Critique de Booklist
Vagabond investigator Frankie Elkin (think Reacher with the gift of gab over guns) lands in Boston's rough-edged Mattapan neighborhood on a mission to find Angelique Badeau, a teenager who disappeared 11 months earlier. In a blink, Frankie has secured a bartending job at the neighborhood drinking hole, found an AA meeting, and pissed off the cops investigating Angelique's disappearance. (They're not buying her investigation as public service, and she's not enlightening them about her need for redemption.) Frankie is sure that Angelique isn't a runaway: she's too close to her Aunt Guerline and her brother, Emmanuel. So Frankie pokes the soft spots in Angelique's inner circle and finds that Angelique grew secretive after participating in a rec-center program where she befriended Livia Samdi, another missing Mattapan teen, whose gangland connections up the stakes. When Emmanuel reports that Angelique has left him a coded plea for help online, Frankie's baggage-laden obsession pushes her straight into Mattapan's underworld. It's hard to tag just one stand-out element here, between the multidimensional portrayal of Mattapan's Haitian expat community, Frankie's humanizing demons and straightforward investigative technique, and a page-turning plot with all its ends tucked in unpredictably tight. Tense and immersive, Gardner's latest (hopefully a series starter) is a sure bet both for readers drawn to gritty gumshoe fiction and for the growing legion of true-crime podcast fans.

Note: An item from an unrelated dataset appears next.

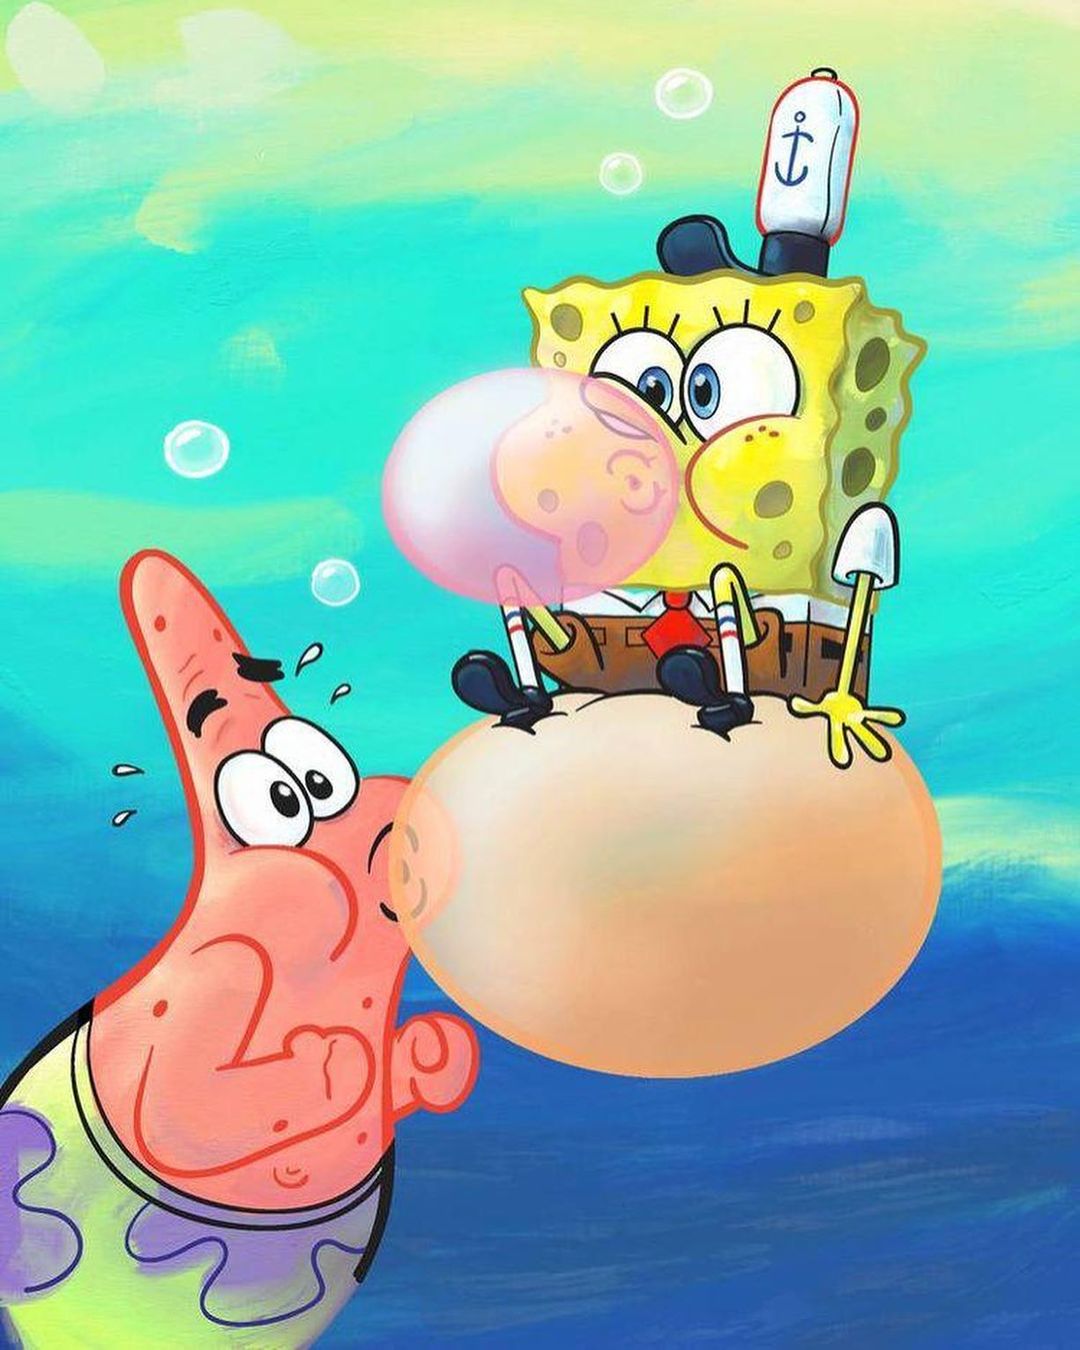 SpongeBob and Patrick blow their bubblegum, with SpongeBob sitting on Patrick’s bubble

Critique du Library Journal
The No. 1 New York Times best-selling Gardner offers her first stand-alone in some time with this story of Frankie Elkin, a middle-aged recovering alcoholic whose job is to find people after everyone else has given up. Here she's in a scruffy Boston neighborhood searching for Angelique Badeau, a Haitian teenager who vanished from her high school months ago, and a distinct lack of support from those around her signals that's she's on the right track.